Problem to solve
Find, in the records below, the line that contains "6ft Double Door" and the line that contains "Los 54 - Kleiner". Copy those two lines and everything between them exactly, but not the pictures.

Available records
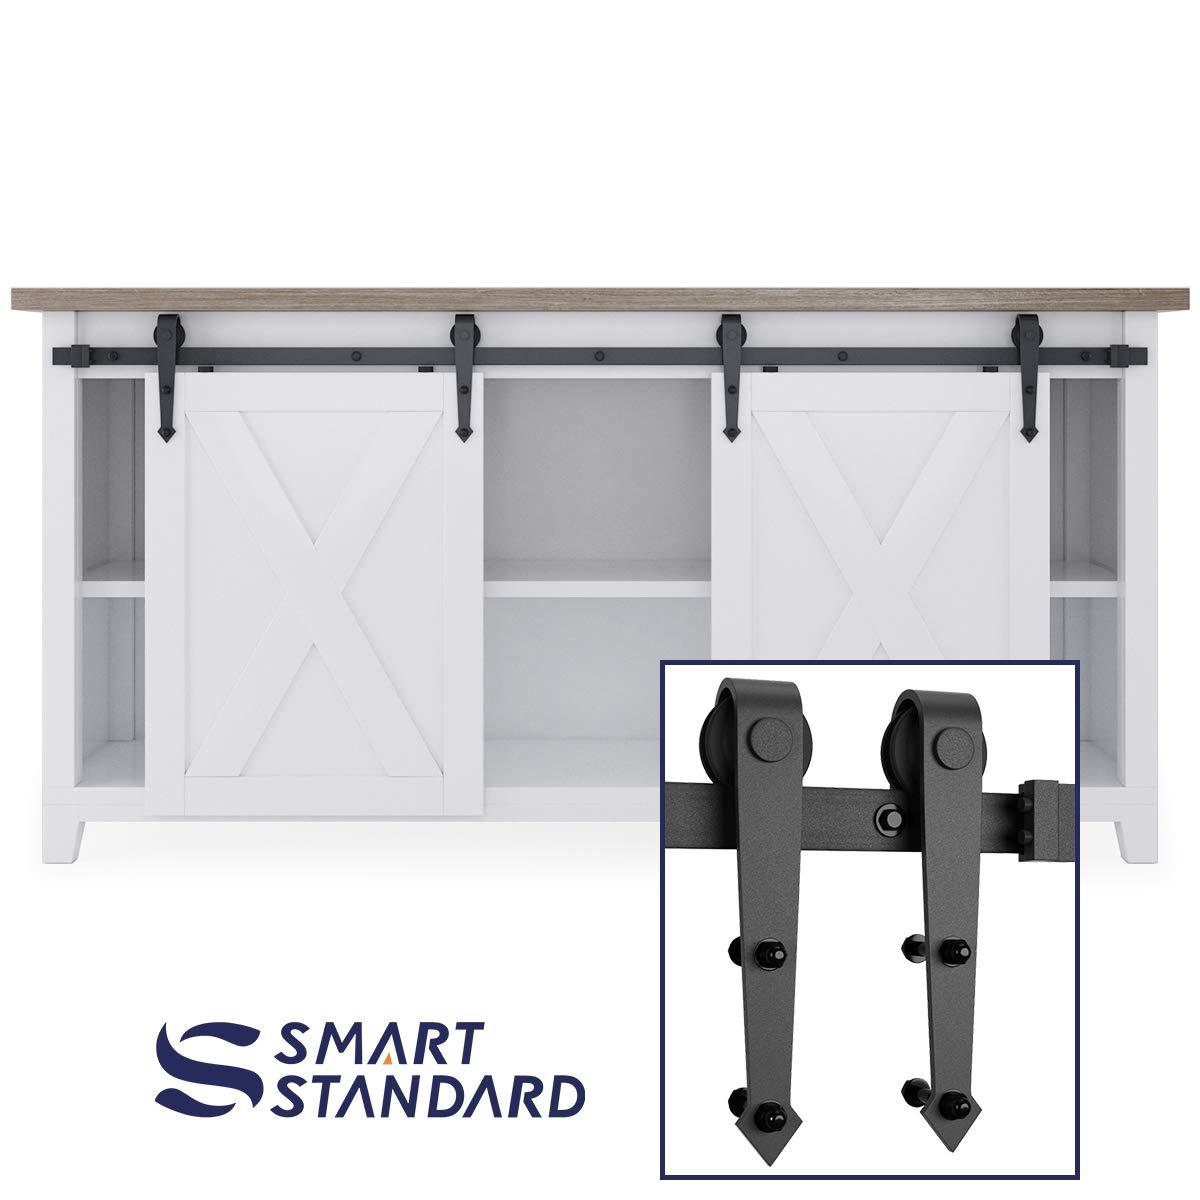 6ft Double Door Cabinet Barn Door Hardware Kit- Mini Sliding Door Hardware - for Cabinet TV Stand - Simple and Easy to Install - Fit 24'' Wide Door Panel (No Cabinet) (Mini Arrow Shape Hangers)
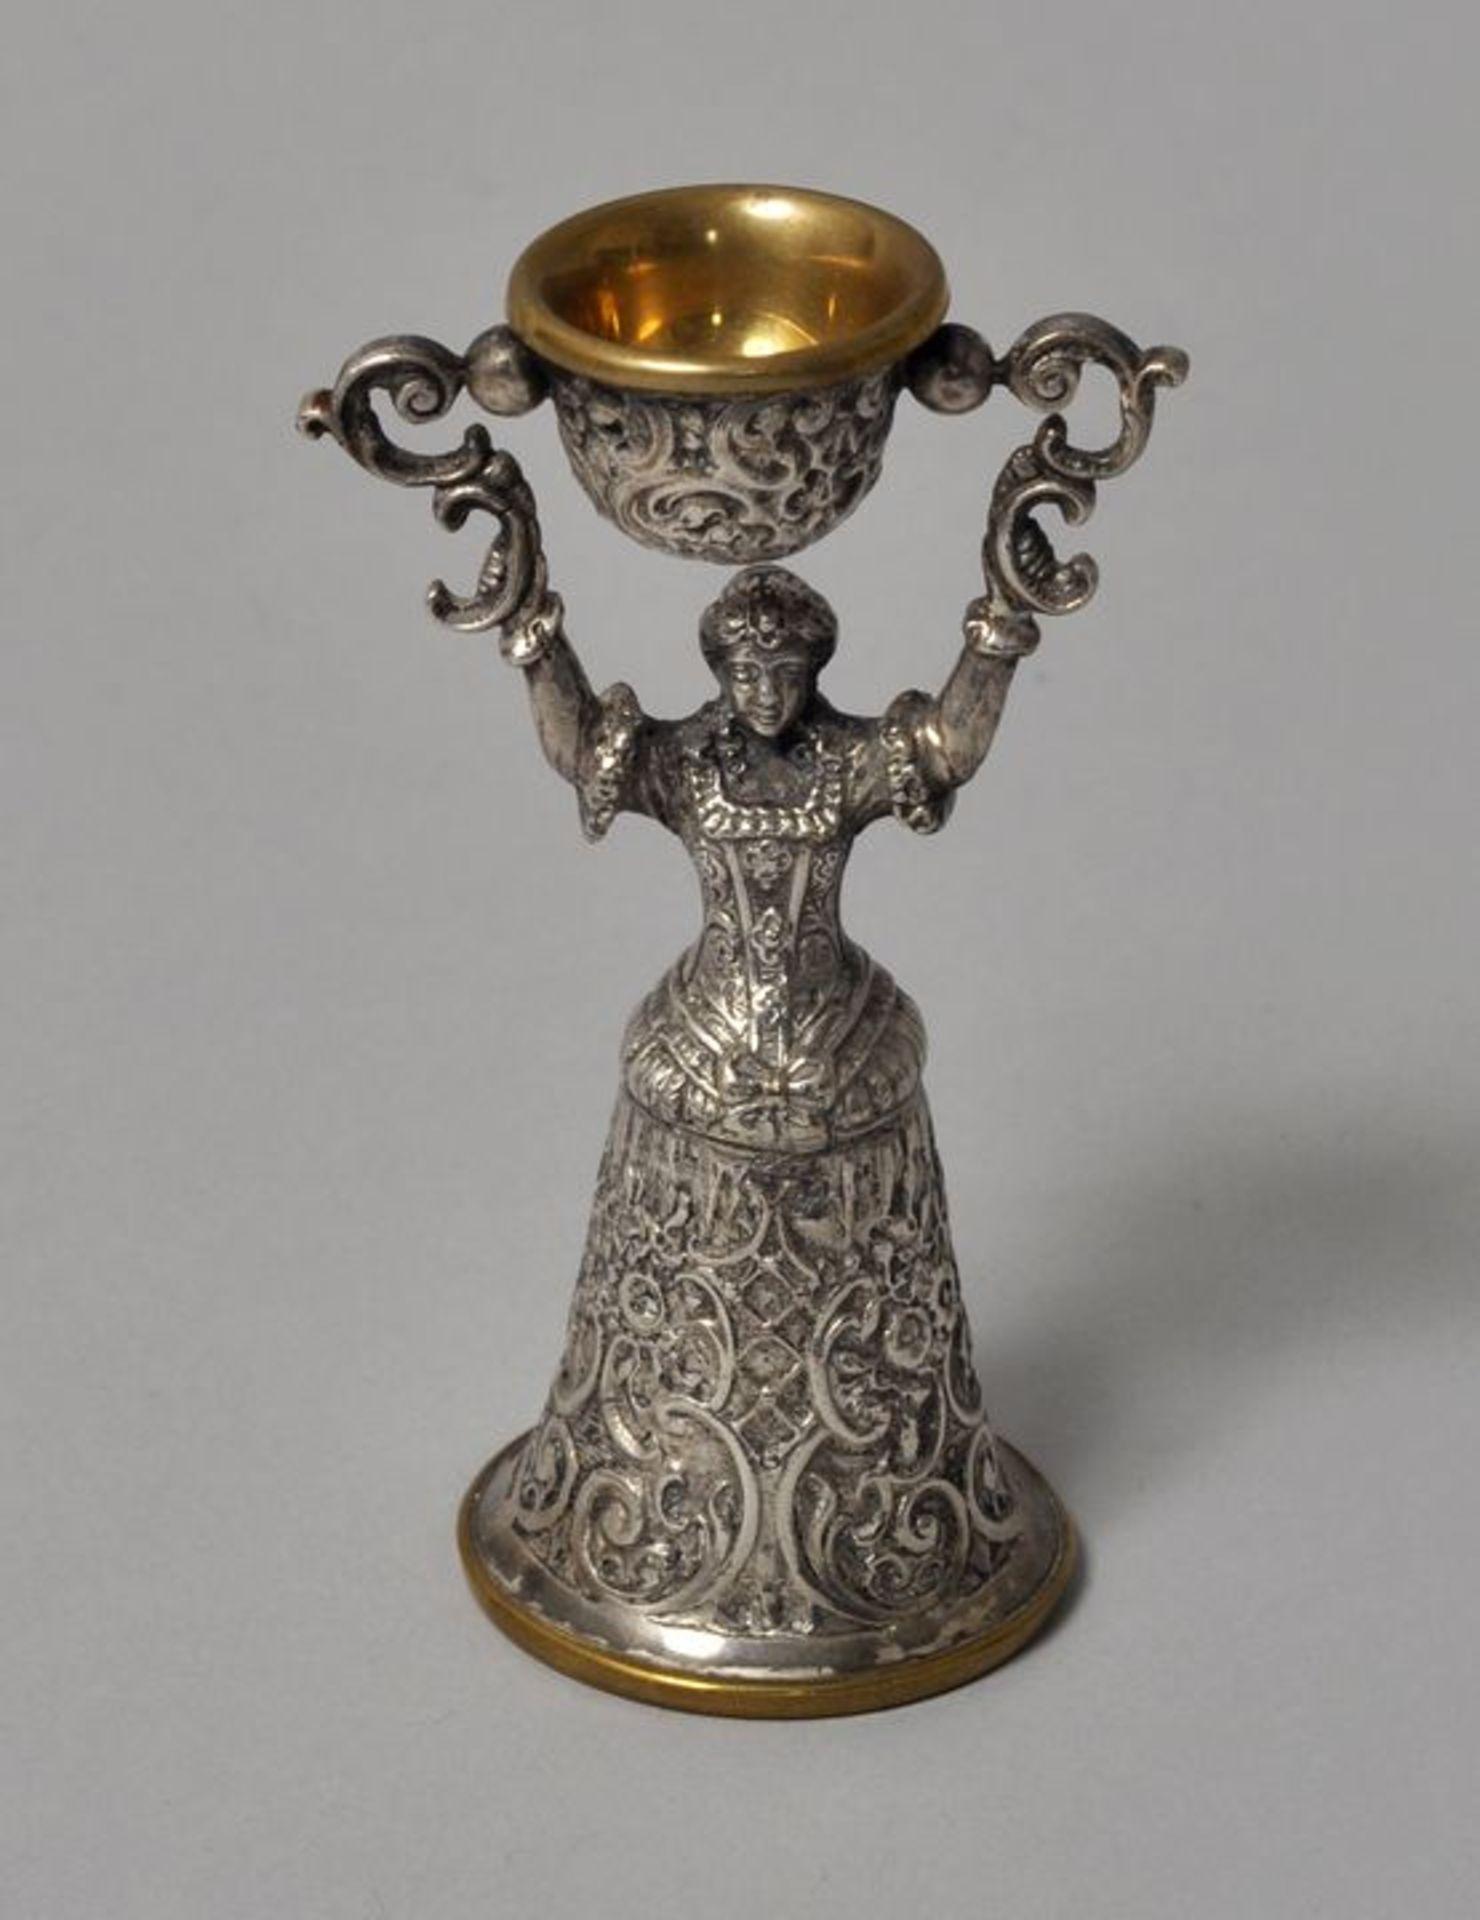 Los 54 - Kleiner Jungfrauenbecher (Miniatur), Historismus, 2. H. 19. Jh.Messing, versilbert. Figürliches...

==

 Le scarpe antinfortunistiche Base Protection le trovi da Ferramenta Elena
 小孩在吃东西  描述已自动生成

Answer for the task
 6ft Double Door Cabinet Barn Door Hardware Kit- Mini Sliding Door Hardware - for Cabinet TV Stand - Simple and Easy to Install - Fit 24'' Wide Door Panel (No Cabinet) (Mini Arrow Shape Hangers)
 Los 54 - Kleiner Jungfrauenbecher (Miniatur), Historismus, 2. H. 19. Jh.Messing, versilbert. Figürliches...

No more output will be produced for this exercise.